The trouble is, i’m struggling to hear my own instincts above the reality of the know-ables. I know that my anxieties got significantly worse after i got flu-ey. I had real problems with terrible coughs and colds from the end of October onwards and after one that began on New Years Eve, i never managed to get my nose back to being non-congested. breathing became a real effort but i put it down to extra blood flow in my nose and body; it cleared once i had him. And i do have issues with breathing; one side of my nose is permanently slightly blocked with a polyp or something and it was so bad that i had to use a nose spray, one i used with Josie too so no anxieties about that, to keep my breathing clear. I meant to go to the doctor about it all, but it seemed like one of those pregnant thing – full of baby, had dreadful cough and colds, low immune system, stop making a fuss. Did that flu start a string of events of him just not getting quite enough oxygen? Did my sedentary lifestyle make that worse?
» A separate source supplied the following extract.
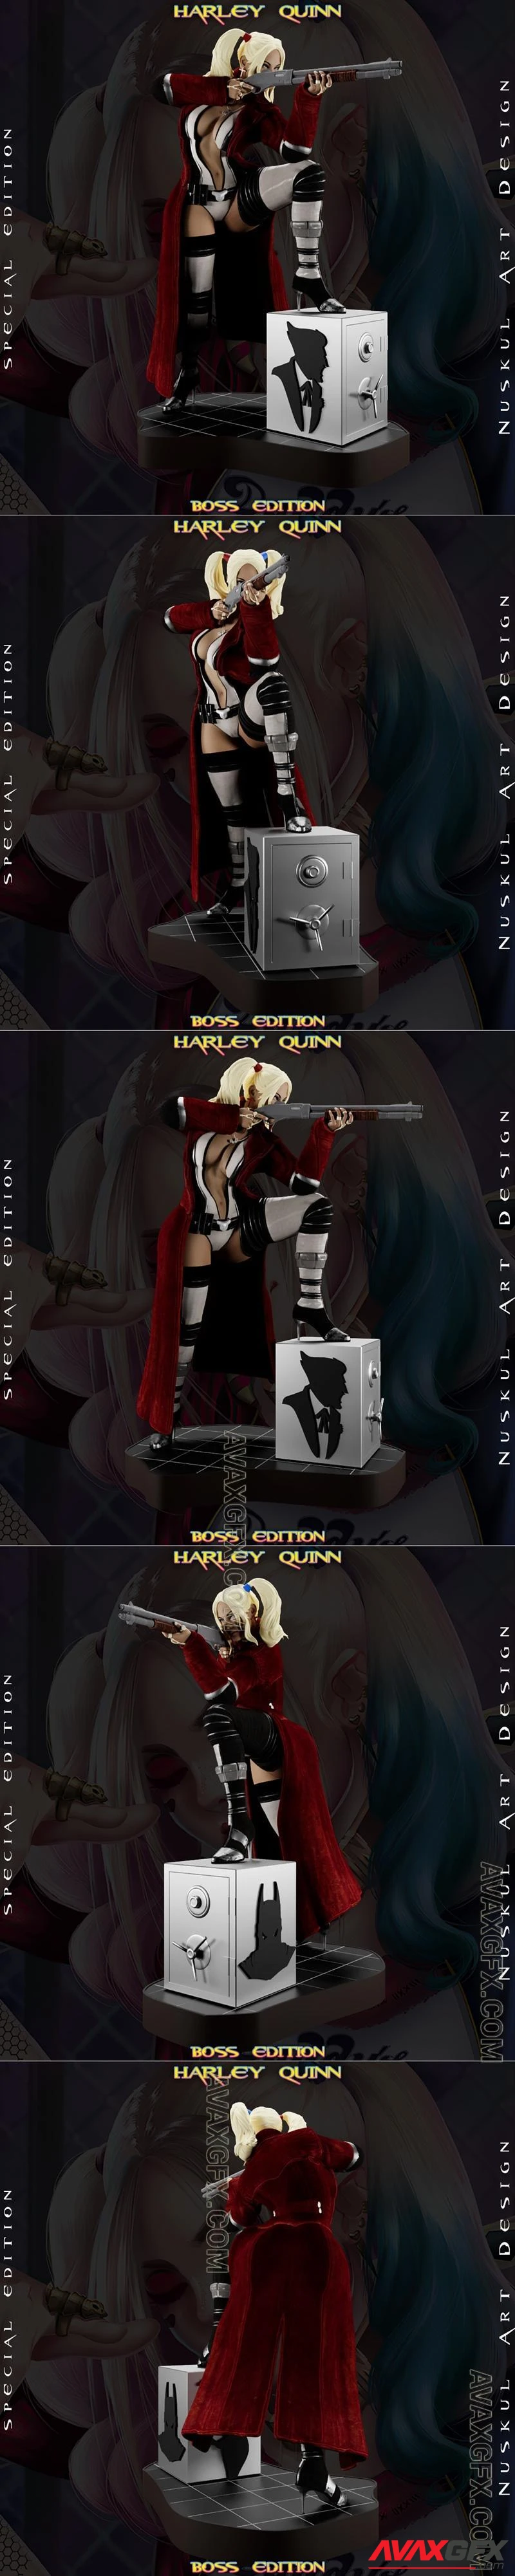 Nuskul Art - Boss Version Harley Quinn - STL 3D Model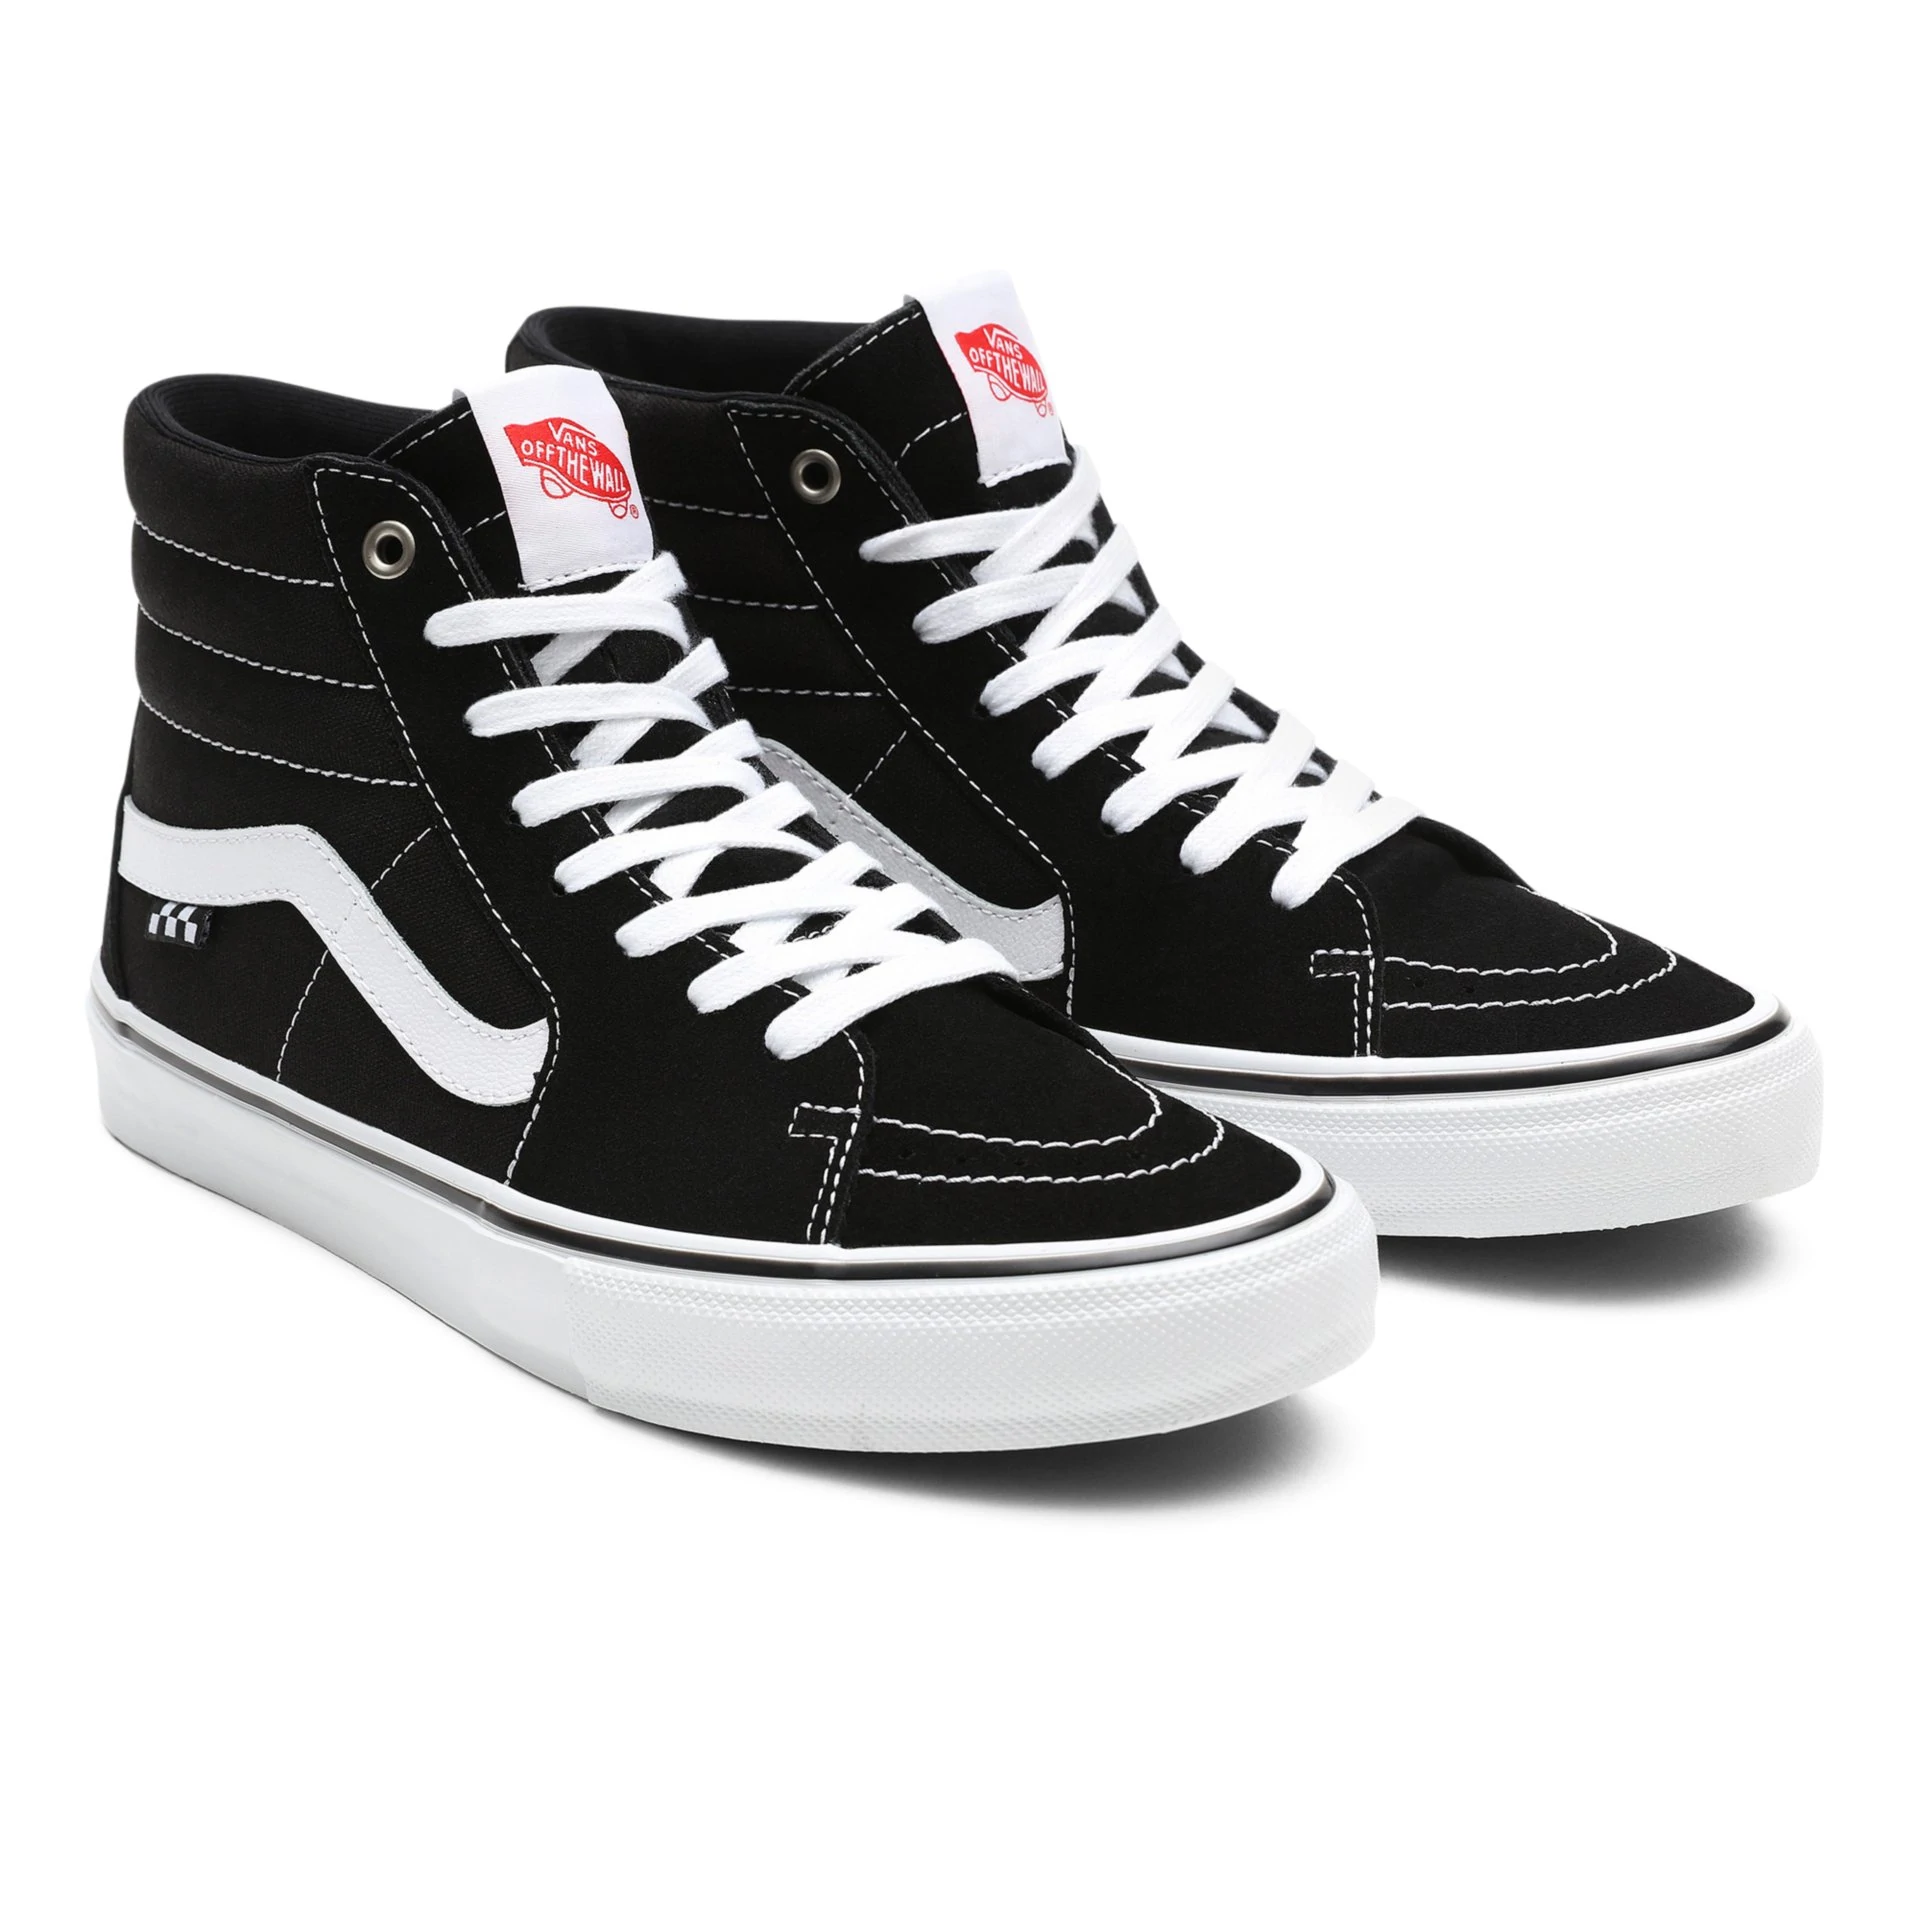 Vans Skate Sk8 Hi schoenen dress black/white

Was labour the last straw? Was the last couple of weeks the last straw? Would he have survived a c-section? Would he have survived an epidural? Would it be better or worse now to have a damaged in womb baby that half made it because i didn’t labour? Better or worse to have had him born flat by c-section and me stuck in a bed away from him? better or worse to know it couldn’t possibly be my fault because i didn’t labour?
There are some things here that ring true, not least the stuff about chest infections and colds and the mention of heightened activity in the womb during periods of distress. I know he did that, i know he scrabbled about but i wondered if he was lying on his cord. If he was, he’d have died. So what was wrong? (Don’t tell me not to Google unless you have also had to come home from a Maternity Unit without a full term, apparently healthy until the birth, baby. Please, just don’t.)
And in the end, the inescapable truth. Did my decision to give birth naturally kill him? Why did i do it that way, when the ‘easier’ option was a c/s? Did i put myself first? Did i think experience was more important than baby? Have i got my just deserts for railing against the way i had to have the girls? How ironic that after all those miserable and unsupported pregnancies and births, the one time i was supported, care for, listened to, included in my care – the thing had to happen that is the big fear in all labour wards. The one time i got to experience a beautiful, easy, relaxed and natural birth, it had to be the time the baby wouldn’t cry.
I just don’t know. I don’t know anything. If i had sensible feelings about him, why did he make it to full term, a good size, looking healthy with a good heartbeat? If he was damaged through the birth, why did his heartbeat stay good? If it happened that way, how was there time – from the minute i woke up, just before 3am and knew it was starting (with waters broken, which was my big fear) to the moment i gave birth to him at 12.30pm, it doesn’t seem long enough. There wasn’t a critical moment of panic, there wasn’t moreÂ “ooh, let’s just check this” than i’ve experienced in any of my other labours. I was 2-3cm at 9.30am and he was born 3 hours later. It was easy. It should have been easy on him. His heartbeat and traces suggest it was easy on him. So why the hell wasn’t it?